Mustafa Çölkesen
Bir kısmı kapitalizmle,
uygarlığın toplumsal örgütlenme biçimiyle, diğeri insan olmanın sınırlılıkları
ile ilgilidir, etrafımızı çevreleyen sonsuz nesne ve olgular karşısında
işlerimizi hep "parça" larla
görürüz, ama hepsi Aklın ürünleri olan tarih bilimi, sosyoloji, felsefe,
antropoloji v.b bilimler vasıtasıyla geçmişi ve bugünü oluşturan dağınık
parçaları sistemleştirerek "bütünü" görebilme becerisine de sahibiz,
Hegel karmaşık felsefi yöntemini en iyi "gerçek bütündedir" sözüyle özetlemişti...
Bilgelik ise, hayatın saklı kurallarını, ayrıntılara odaklanarak değil,
parçaların birlikte var ettiği "bütünsel" gövdesi içinde
görebilmekti...
Bütün, parçalardan oluşmakla
birlikte, her parça son tahlilde bir bütüne aittir, kendi başına özerk bir gaye
taşımaz, amacı zaman ölçeğinde kendisinden farklılaşan o bütünsel varlığı
oluşturmaya yöneliktir, parça, nitel bir eşsizliğe sahip olmakla birlikte,
bütüne yaptığı katkı kadar anlamlıdır, demek ki anlam kendisini hep "bütün"de var eder.

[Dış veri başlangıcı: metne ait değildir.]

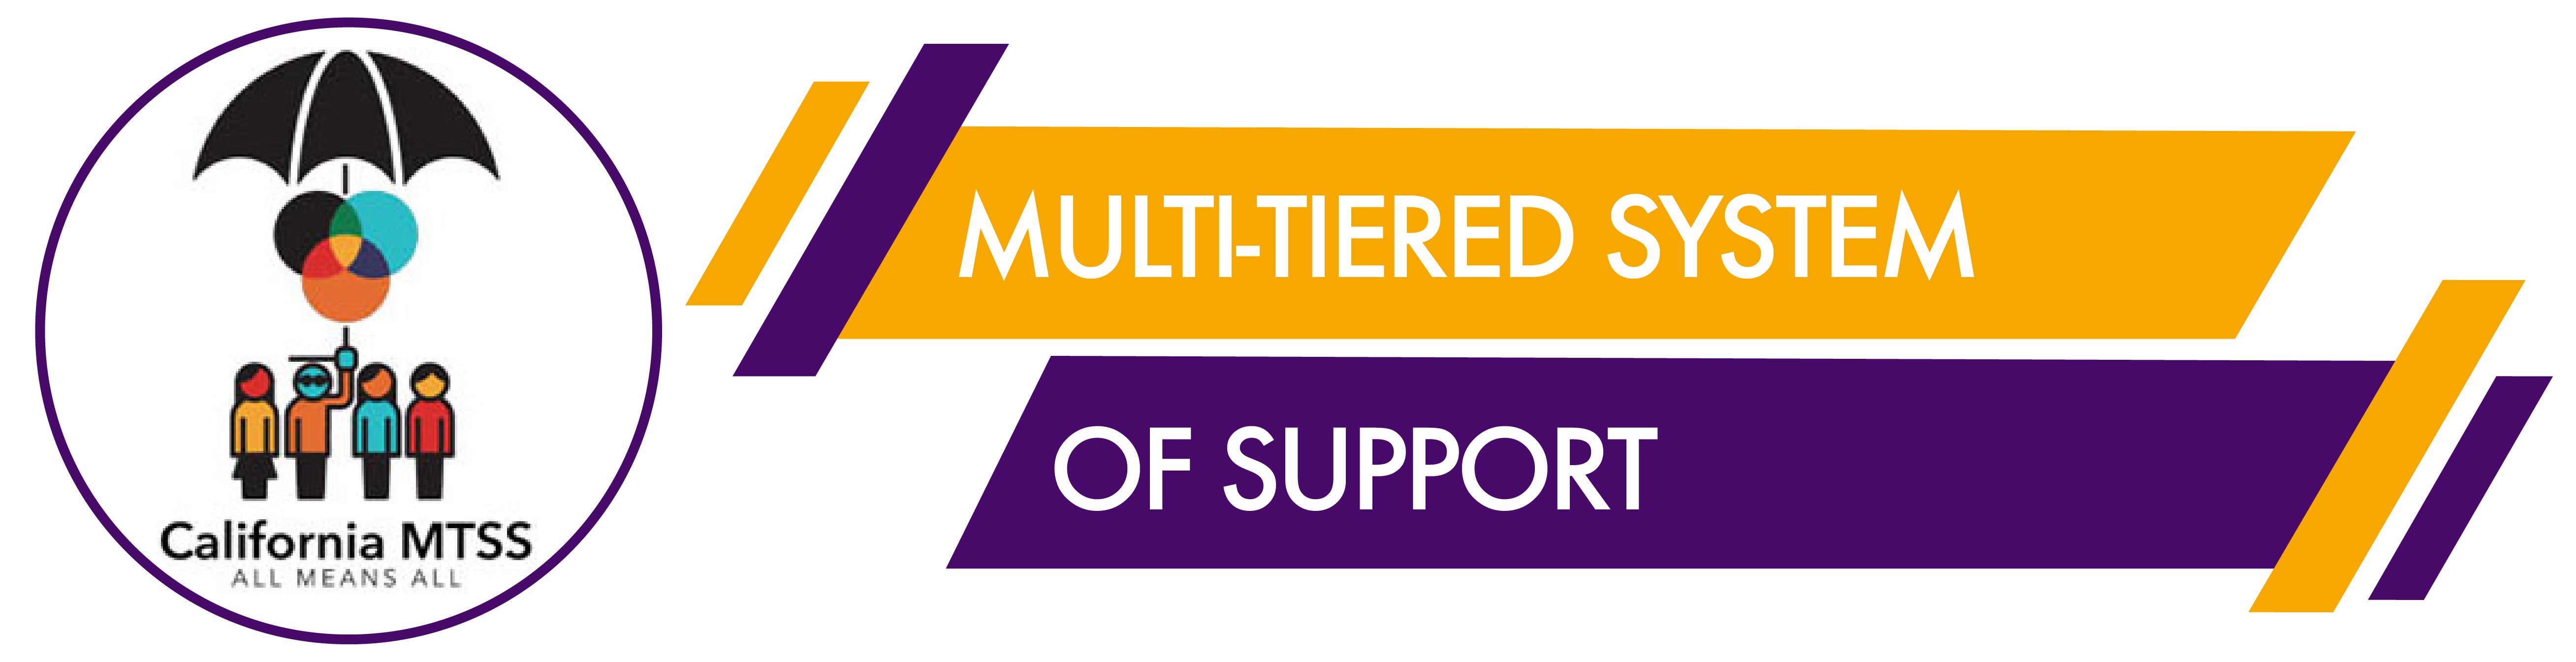 Multi-Tiered System of Support Banner

Parça'nın bütüne hizmet etmesi, bütünün asli önemi, biyolojiden,
müziğe, matematikten, sanata, mekanikten tarih bilimine kadar kapsayıcıdır,
organel gelişim bütüncül canlı formu ile nihai amacına ulaşır, sesler- melodiler
ahenkli bir bütüne eriştiğinde anlam taşır, sanatta tasvir bütünsel bir forma ulaştığında
ortaya çıkar, mekanikte parçalar bir sistem oluşturmak durumdadır, tarihte sadece
belirli bir döneme ait olaylar dizgesinin kendi başına açıklayıcı gücü, anlamı
yoktur.
Parça - bütün arasındaki bu
ilişki, uygarlığın "işbölümü ve
uzmanlaşma" süreçleriyle insanın bütüne bakmasını önlemiş, onu hem bir
parçaya indirgemiş, hem de vizyonunu parça ile sınırlamıştır. Marx'ın
deyişiyle "insanın bilincini onun maddi varlığı" belirleyerek, köylü hayatını
toprak, zanaatkar atölyesi, tüccar malları, bürokrat idari işlerinden ibaret
olarak görmektedir, hayatının asıl
belirleyenleri olan iktidar, hukuk, egemenlik, mülkiyet ilişkileri v.b onun
ufku ve irade alanının dışındadır, onlar bütünü temsil ettiklerinden hiyerarşinin
tepesindeki ilahi otoritelerin emri altındadır, parça-bütün diyalektiğinde
yabancılaşmanın tarihi uygarlığın ortaya çıkışı kadar eskidir.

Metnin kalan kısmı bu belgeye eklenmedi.